Giovinazzi joined the series with Prema Powerteam for the 2016 season alongside Red Bull Junior and 2014 Formula Renault 3.5 Series runner-up Pierre Gasly.

After a poor start by finishing outside the points and losing reverse grid pole in the first two rounds, Giovinazzi scored victories in both the feature and sprint races in Baku, becoming the first driver to do 'the double' since Davide Valsecchi in 2012.

Giovinazzi took pole position from his teammate Gasly at Spa, and won the Sprint Race after Gasly had won the feature race on Saturday. At Monza, he took pole position, but was disqualified from the session due to a technical infringement. Despite starting from the back of the grid, he won in the Feature Race after a mix up involving the safety car that worked in his favour.

Giovinazzi took the lead of the championship at Sepang by overtaking Sergey Sirotkin late on for his fifth win of the season. However, Pierre Gasly's victory in the Abu Dhabi feature race meant that Gasly led by twelve points into the final race. Giovinazzi finished the final race ahead of Gasly as Alex Lynn won the race, however, after making a poor start, he was unable to overturn the twelve-point gap, and Gasly won the championship by eight points.

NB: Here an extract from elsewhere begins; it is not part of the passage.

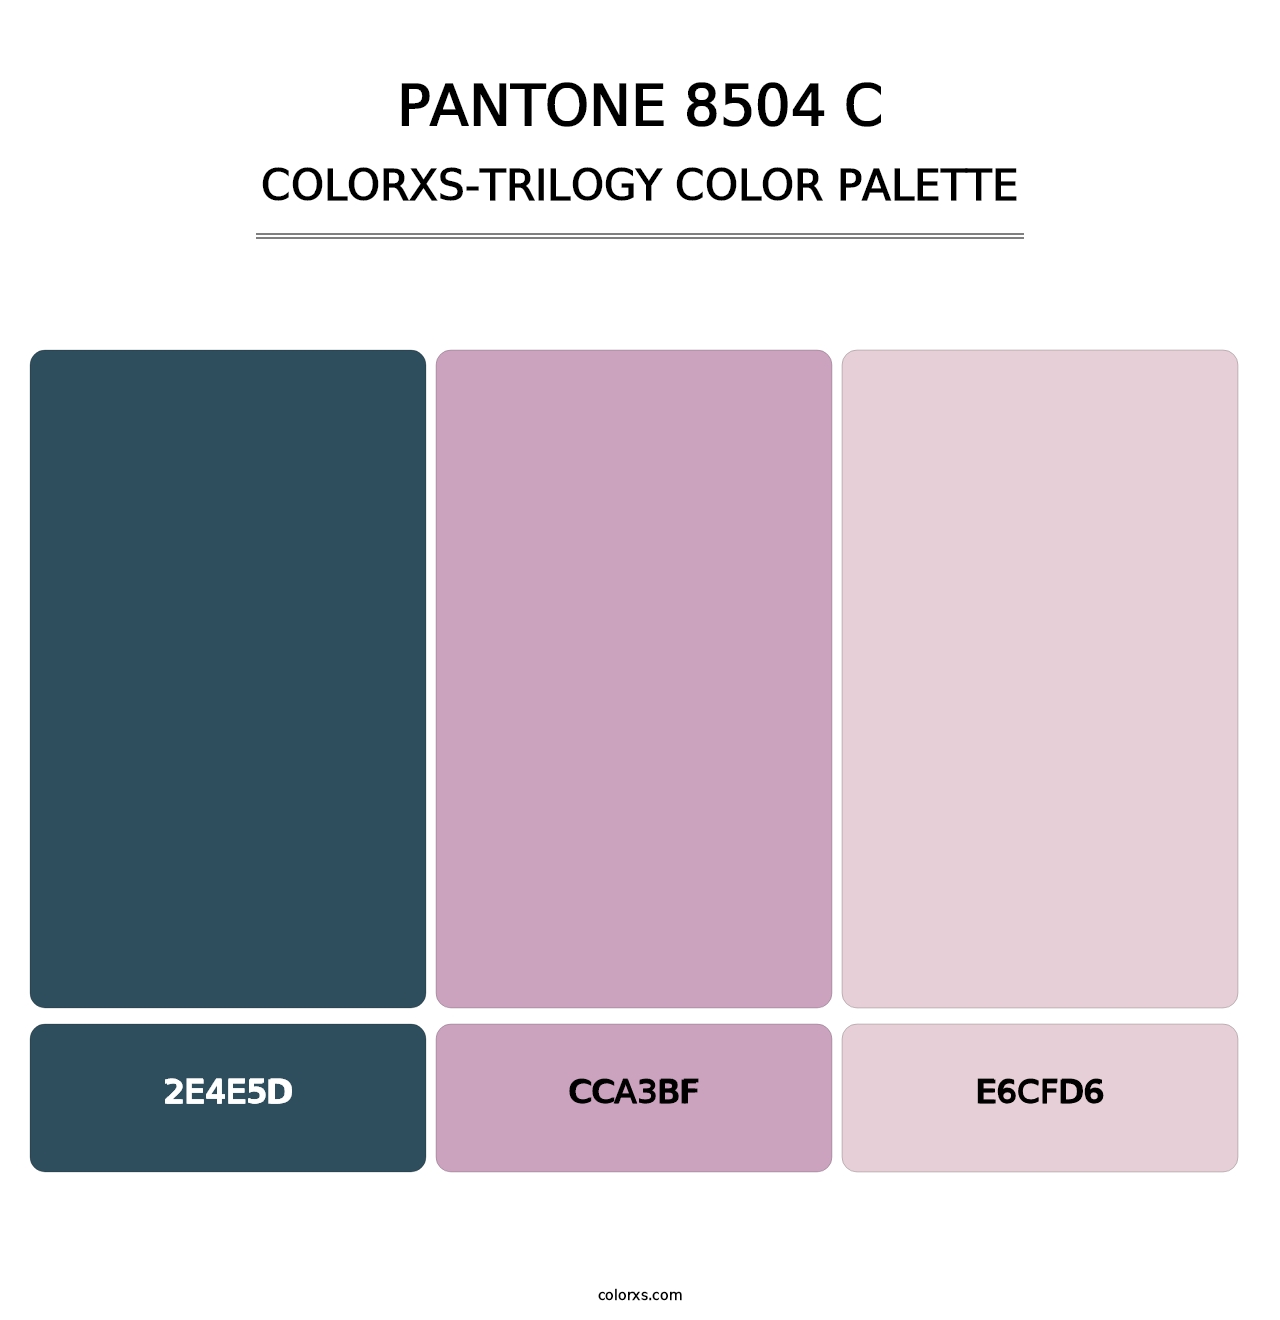 PANTONE 8504 C - Colorxs Trilogy Palette

Had Giovinazzi won the championship, he would have been the first rookie champion since Nico Hülkenberg in 2009. He would also have been the last GP2 champion as the series would become FIA Formula 2 Championship for .

==Formula One career==
On 5 September 2016, it was announced that Giovinazzi would perform simulator work for Scuderia Ferrari. In December, he was confirmed as Ferrari's reserve driver.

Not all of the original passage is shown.